Raw, Cleaned, and Analysis-Ready Datasets
7.2 Raw, Cleaned, and Analysis-Ready Datasets
Reading 1
3 / 8
7.2 Raw, Cleaned, and Analysis-Ready Datasets
A common mistake in research projects is to treat any exported spreadsheet as the dataset. In practice, a study may have several legitimate data states. The raw export is the dataset as received from the electronic data capture system or external source. The cleaned dataset is the dataset after data quality issues have been resolved according to the study process. The analysis-ready dataset is a structured dataset prepared for a specific statistical or reporting purpose. These states should not be confused.
The raw dataset is the starting point. It should be preserved because it provides the evidence of what was exported at a particular time. If a script produces an unexpected result, the team can return to the raw file and rerun the workflow. If a cleaning decision is questioned, the team can compare raw and derived outputs. If a new rule is added, the workflow can be rerun without relying on a manually edited spreadsheet.

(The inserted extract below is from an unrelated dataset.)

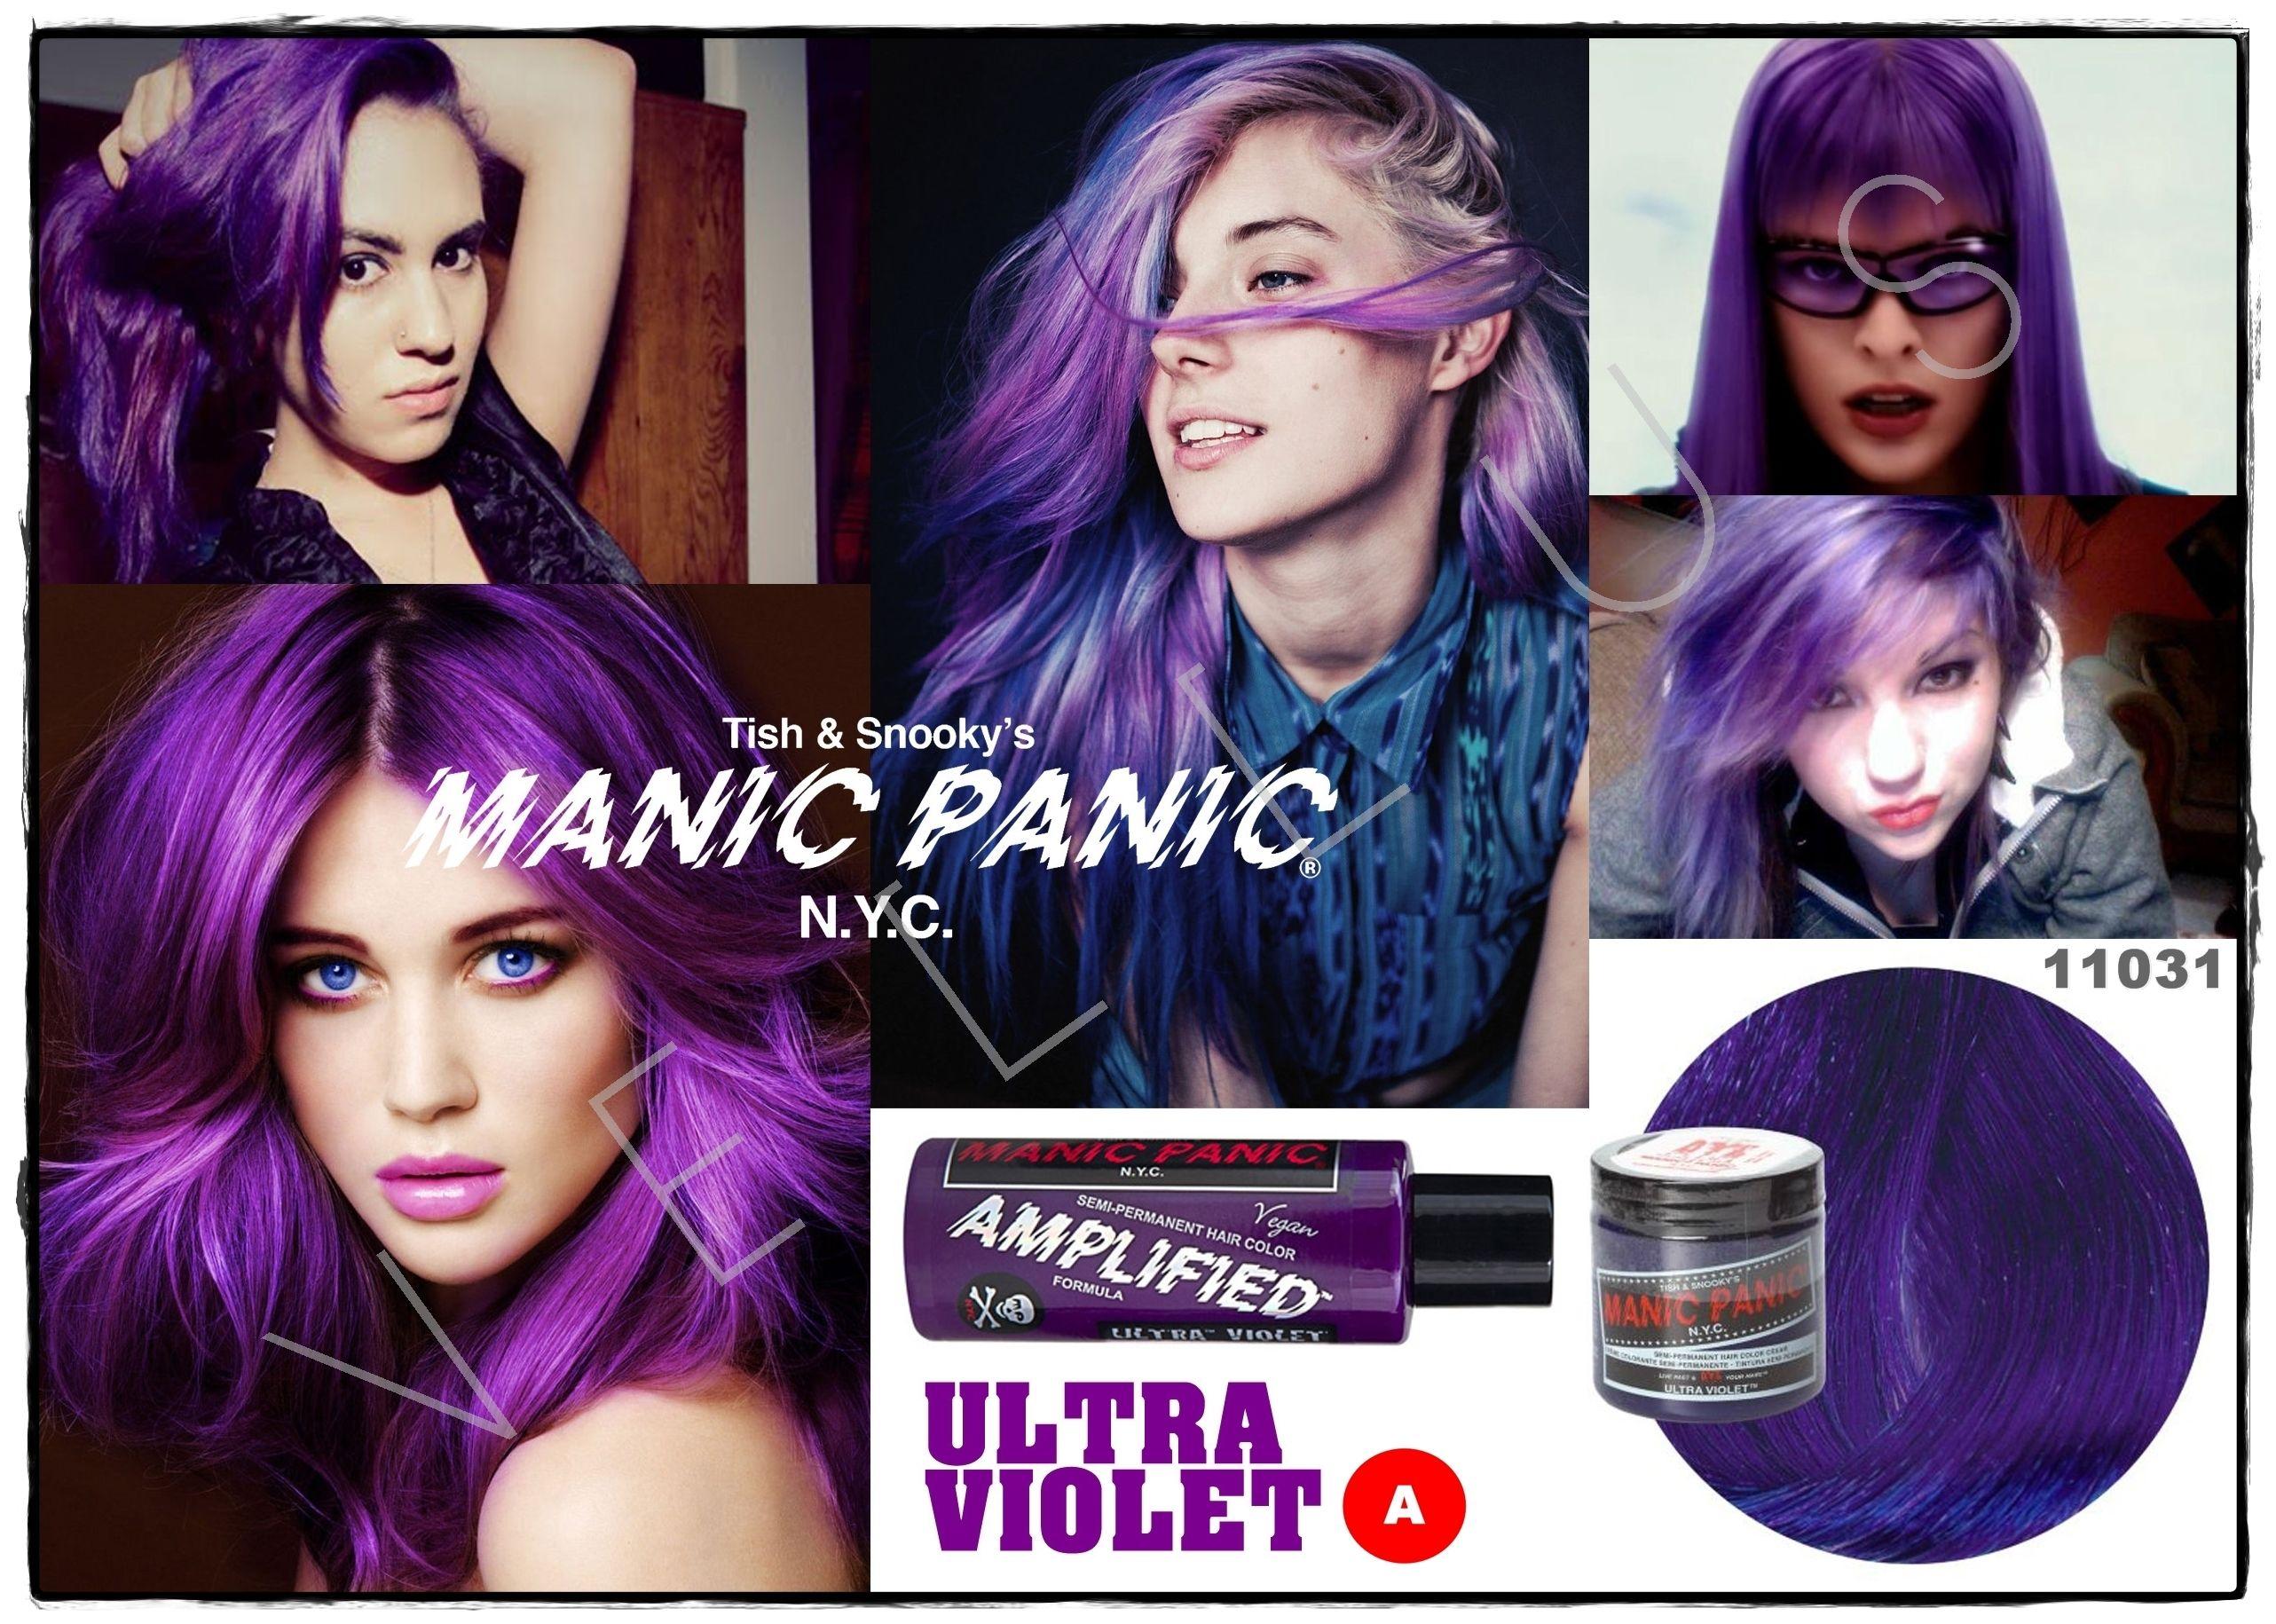 Manic Panic Amplified Ultra Violet Vellus Hair Studio 83a Tanjong Pagar Road S 088504 Tel 62246566 Manic Panic Hair Dye Lilac Hair Hair Studio

The cleaned dataset is not necessarily a separate file created by manually editing values. In many good workflows, the cleaned dataset is generated from the current database export after queries have been resolved in the source system. For example, if R identifies that participant `P023` has a discharge date before admission date, the data manager raises a query in REDCap. The site reviews the source record, corrects the discharge date in REDCap, and the correction is captured in the REDCap audit trail. The next export then contains the corrected value. R is rerun and the flag disappears. This workflow preserves the source system as the authoritative data location.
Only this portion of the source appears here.